Nel frattempo torna anche Thomas il bulgaro, due giovani africani gli danno il cinque, lui cammina leggero.
«Per me questo sarà il primo Natale con tutta la famiglia, perché mio padre in casa non c’è mai stato», dice, provando a raccontare il suo disagio. «Mia madre mi ha aiutato pagandomi la scuola professionale e adesso che lavoro voglio essere io ad aiutare lei».
Thomas si vanta per la sua cultura musicale, cita qualche brano dei Doors e dice di non apprezzare i trapper come Baby Touché o Simba la Rue. «Però una volta abbiamo fatto serata insieme, ha pagato tutto Touché, eravamo più di 50 persone».
Sotto gli occhi di tutti
Sotto il portico del Pam ci sono quattro giovani africani. Ballano e cantano. Avranno sì e no 15 anni. Ma sentire cos’hanno da dire non si può, perché subito si avvicina un ragazzo sulla ventina e zittisce tutti.

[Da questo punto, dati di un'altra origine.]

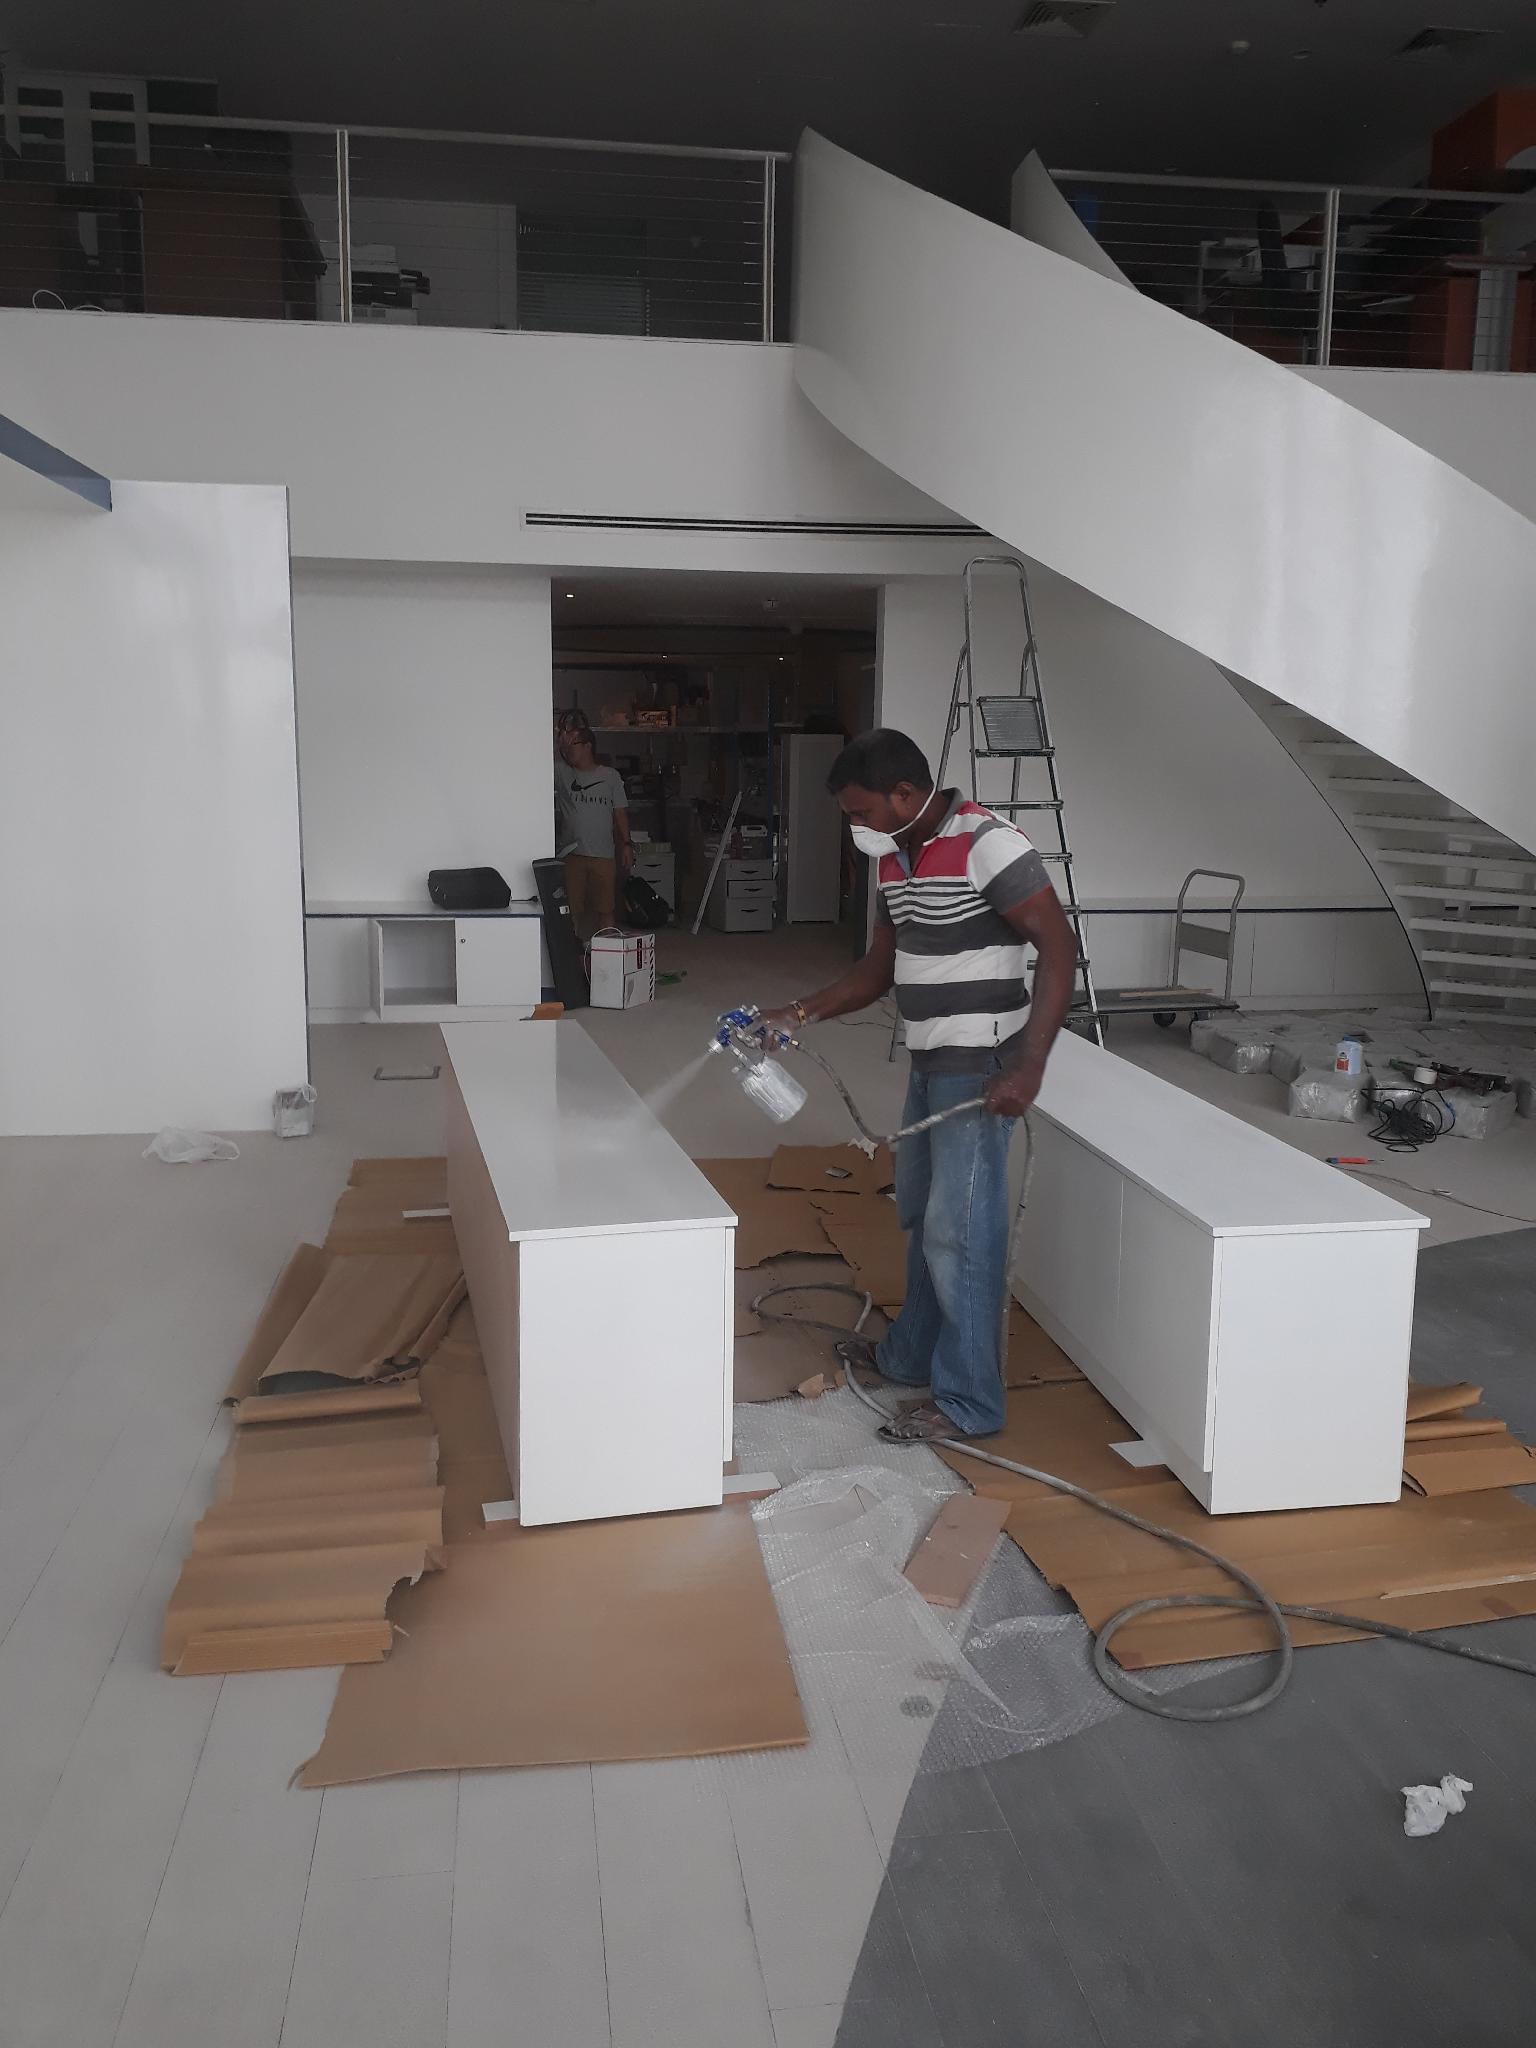 Carpentar, paintng, spray paint professional, main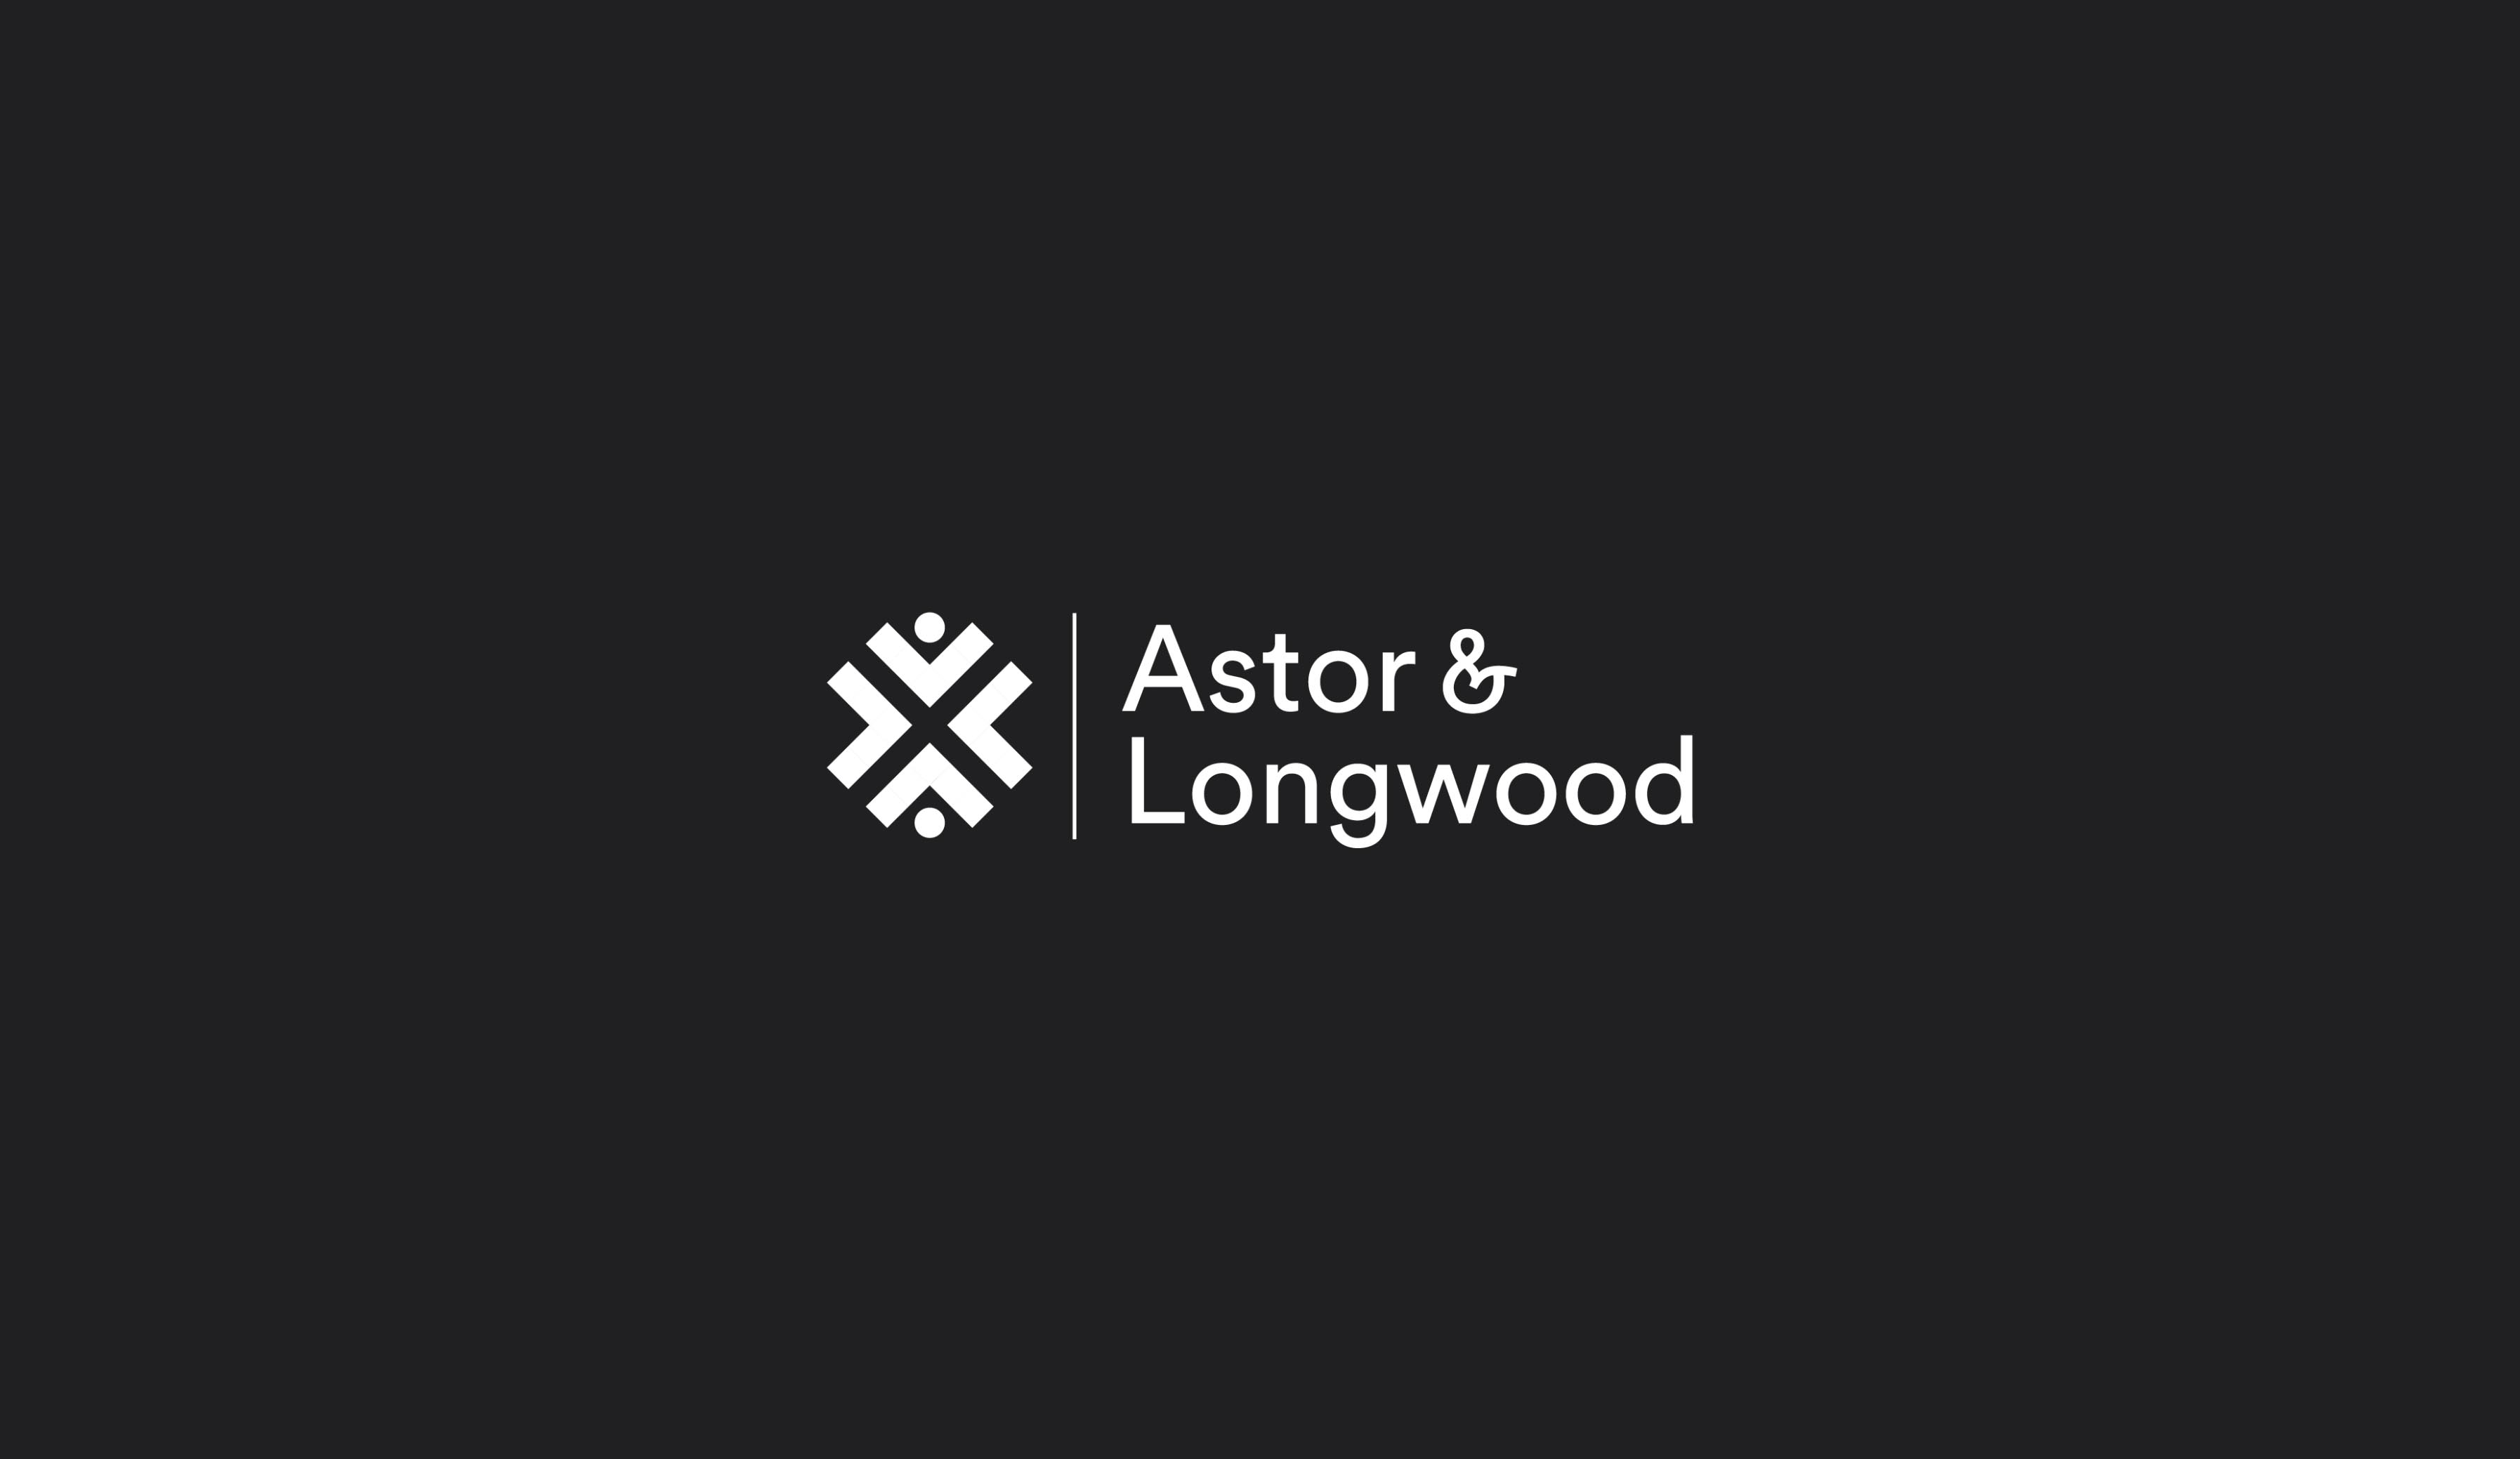 Astor and Longwood logo design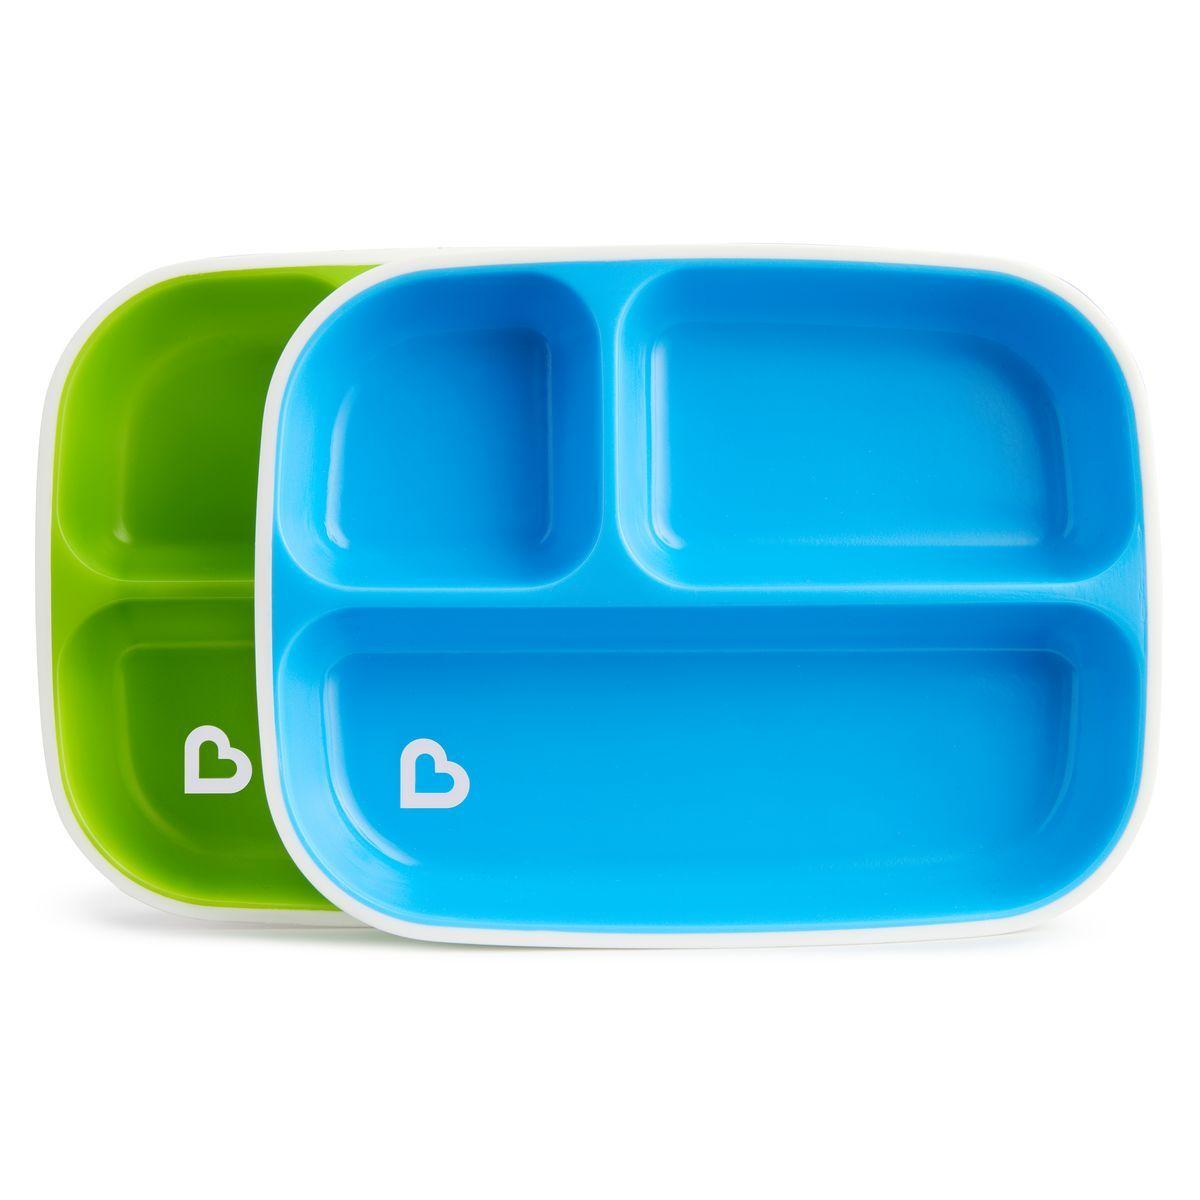 Набір тарілок Munchkin Splash Divided Plates, 2 шт.

“Media statura, caucasico”, scriverebbero nei rapporti di polizia. In piazza Borsa a Treviso deve essere una specie di boss, forse uno di quelli che gestiscono i cosiddetti “cavallini”, ragazzetti che vanno da una parte all’altra della città a consegnare le dosi di droga. L’obbedienza in cambio di un lavoro remunerativo.
È Treviso ma potrebbe essere piazza Garibaldi a Padova, oppure Marghera, o parco Città di Bologna a Belluno. Il sistema è lo stesso, le nevrosi degli adolescenti pure.
Quando è sera Nadia, che guida i pullman di linea Mom, li osserva mentre si spintonano in stazione dopo un pomeriggio passato a bere, fumare e sniffare. Alcuni salgono sul bus per tornare a casa, con i pantaloni larghi a scendere e le mutande in bella vista.
«Sarà una serata complicata», dice l’autista. L’ennesima serata complicata.